### INFORMATION SHOWN
***

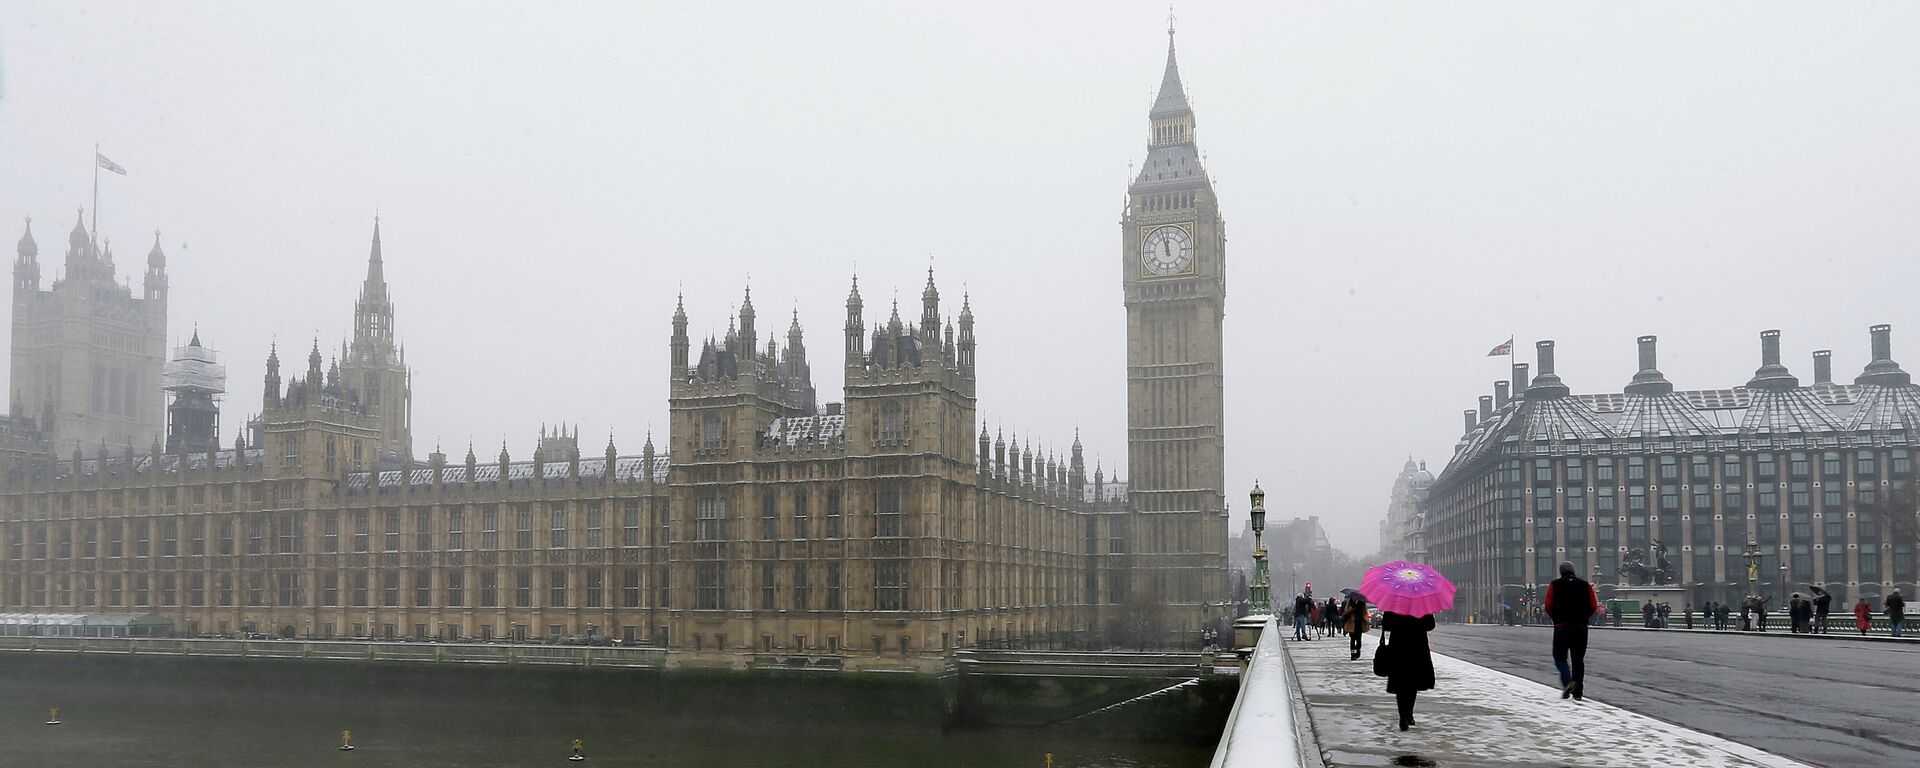 A woman carrying a pink umbrella walks across Westminster Bridge, with the Palace of Westminster in the background as it begins to snow in London, Friday, Jan. 18, 2013 - اسپوتنیک افغانستان  , 1920, 26.09.2022
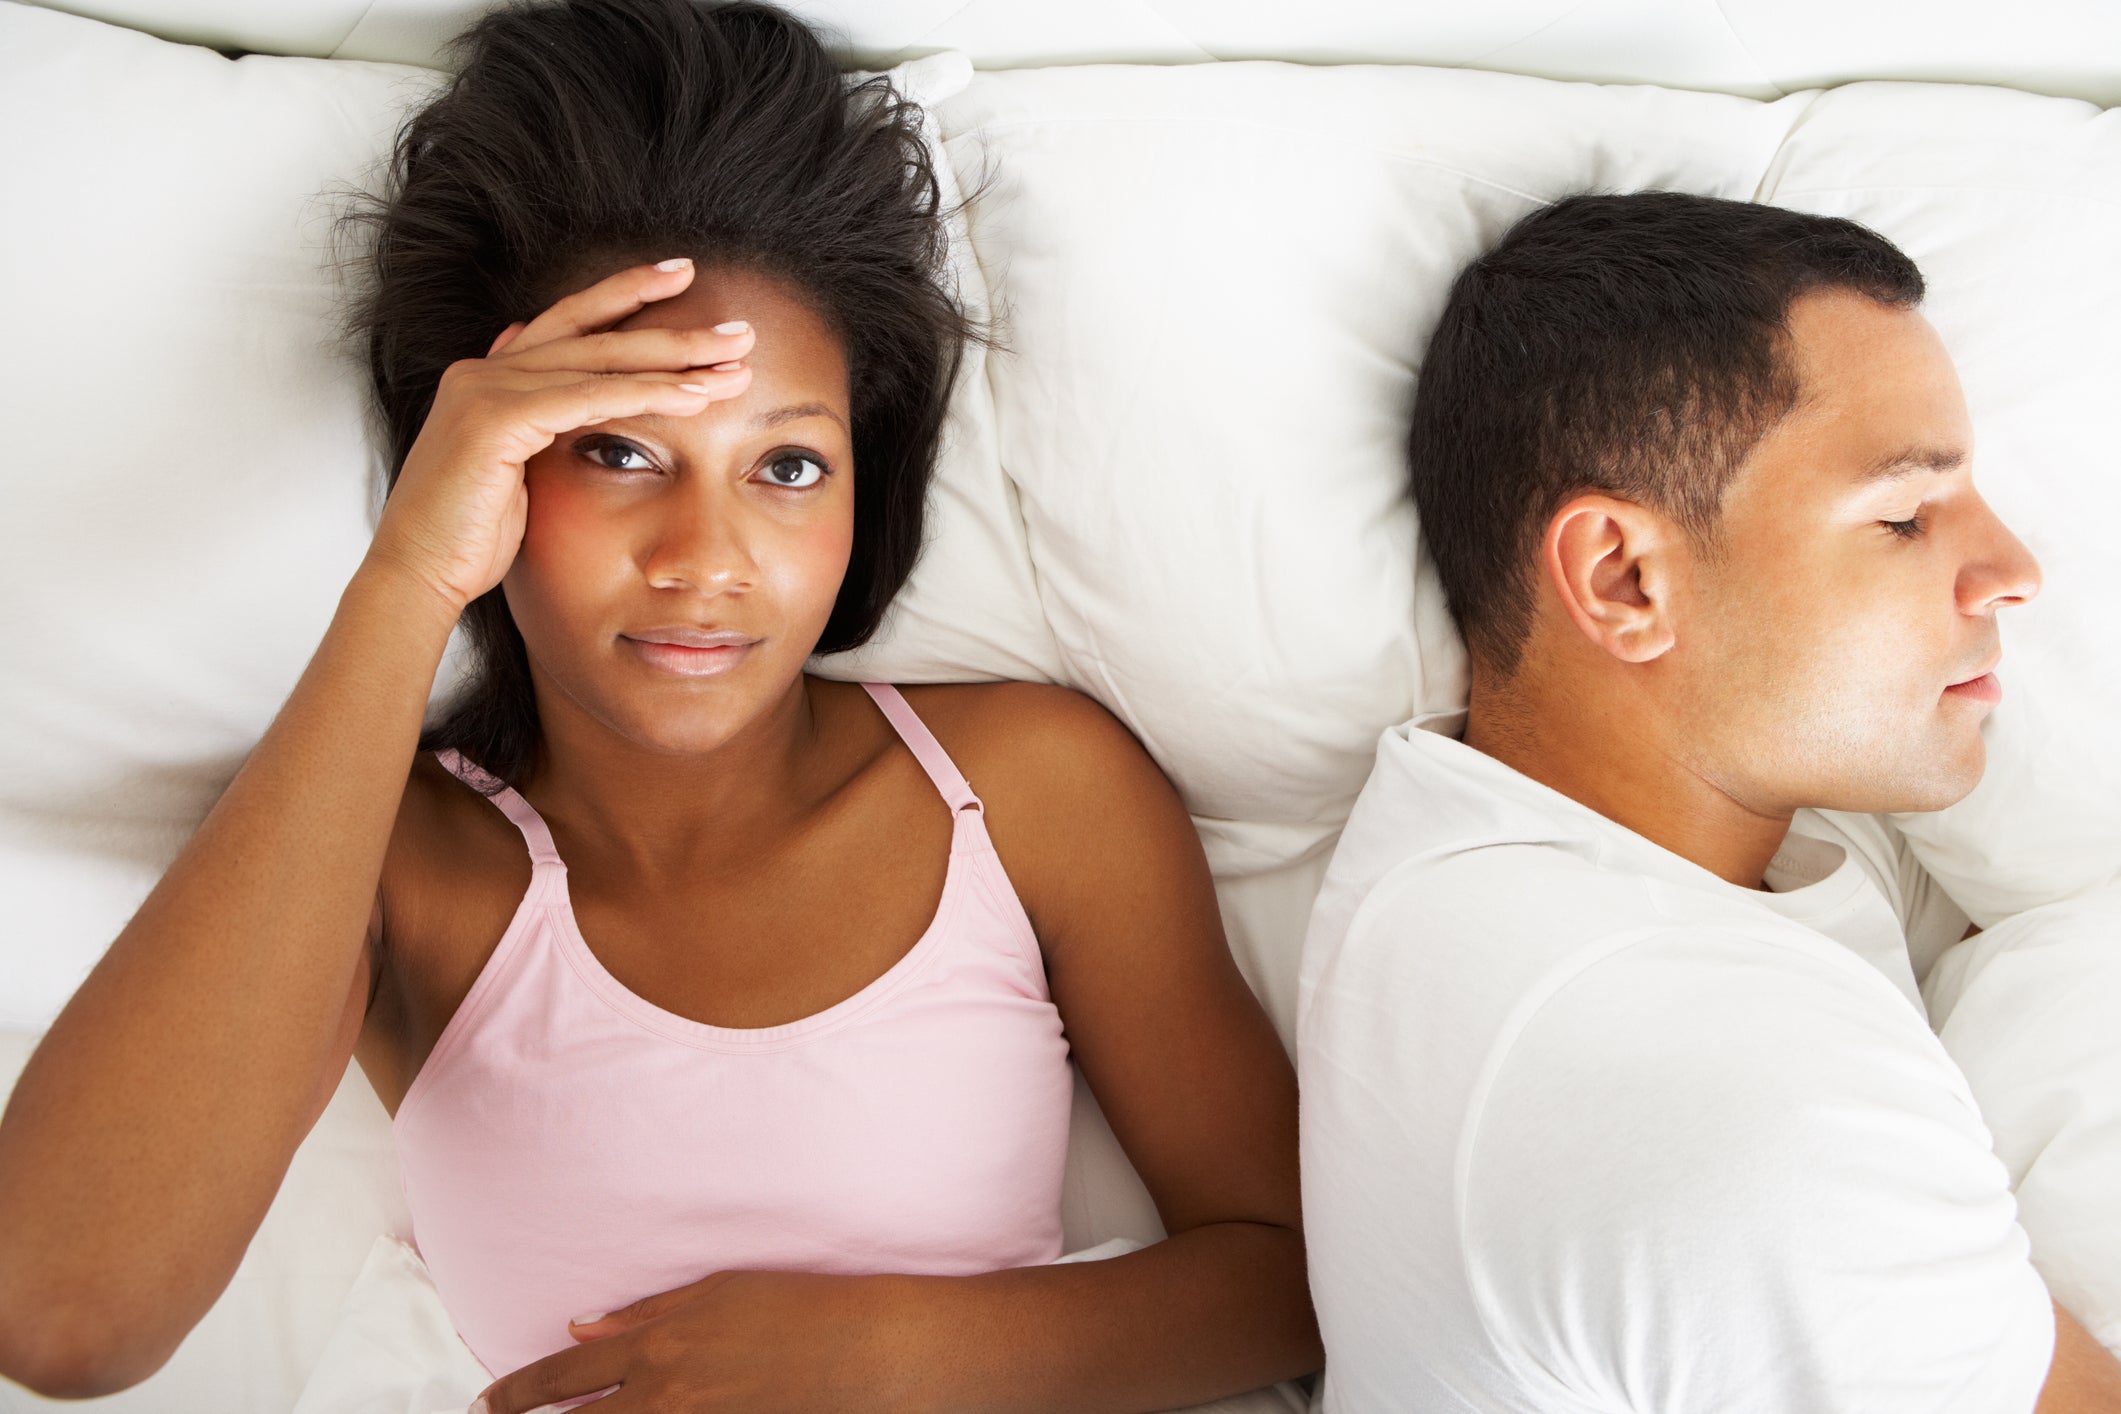 Black Sex Therapists Dispel 5 Messy Myths About Sexual Compatibility
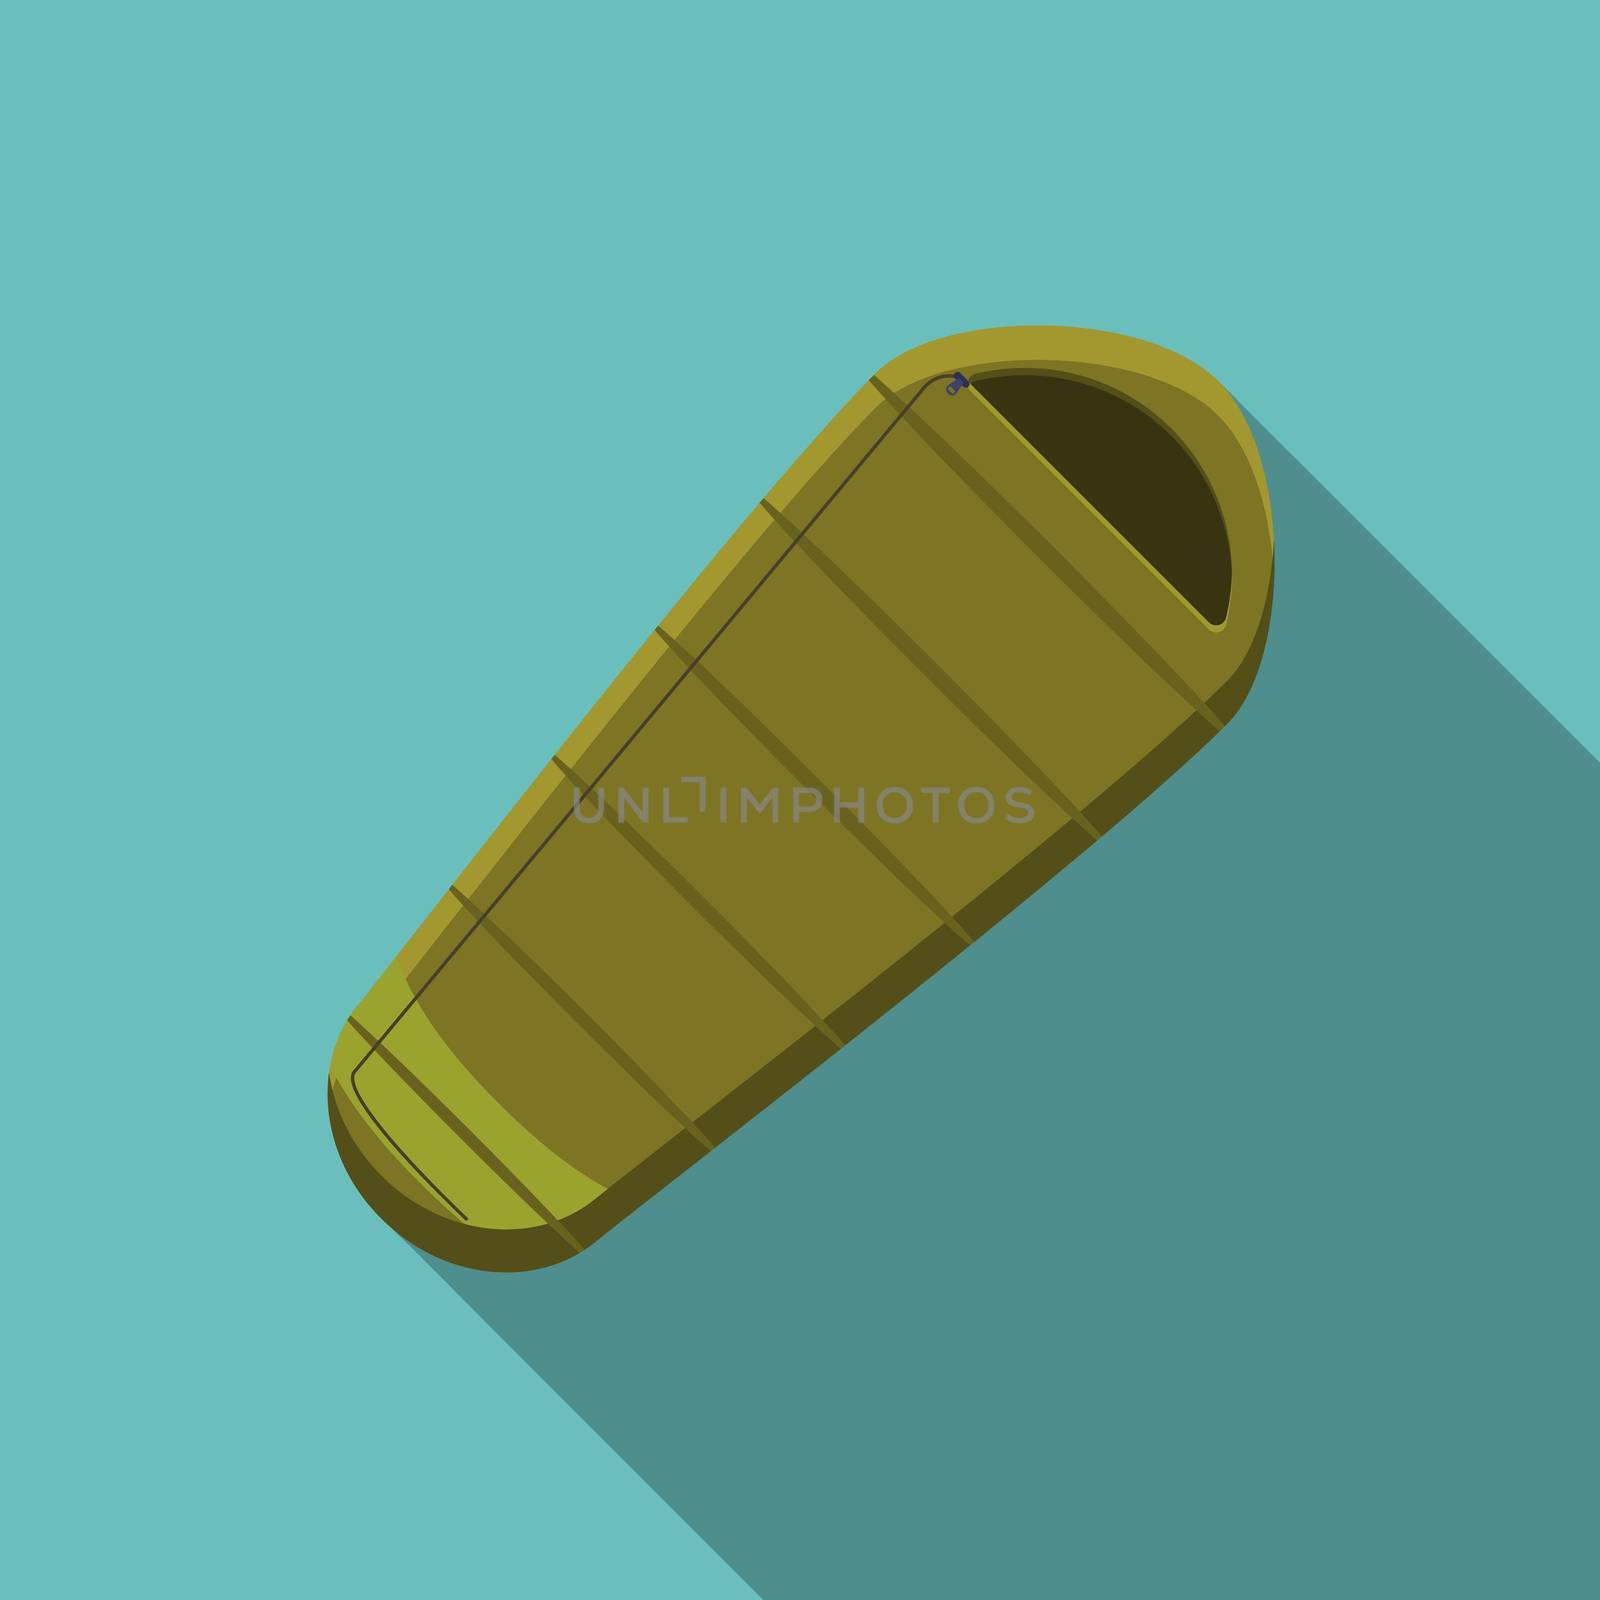 Flat design modern vector illustration of sleeping bag icon, camping and hiking equipment with long shadow.

***

All of the preceding material should be output verbatim, with the pictures excluded.

### WORKED SOLUTION
 A woman carrying a pink umbrella walks across Westminster Bridge, with the Palace of Westminster in the background as it begins to snow in London, Friday, Jan. 18, 2013 - اسپوتنیک افغانستان  , 1920, 26.09.2022
 Black Sex Therapists Dispel 5 Messy Myths About Sexual Compatibility
 Flat design modern vector illustration of sleeping bag icon, camping and hiking equipment with long shadow.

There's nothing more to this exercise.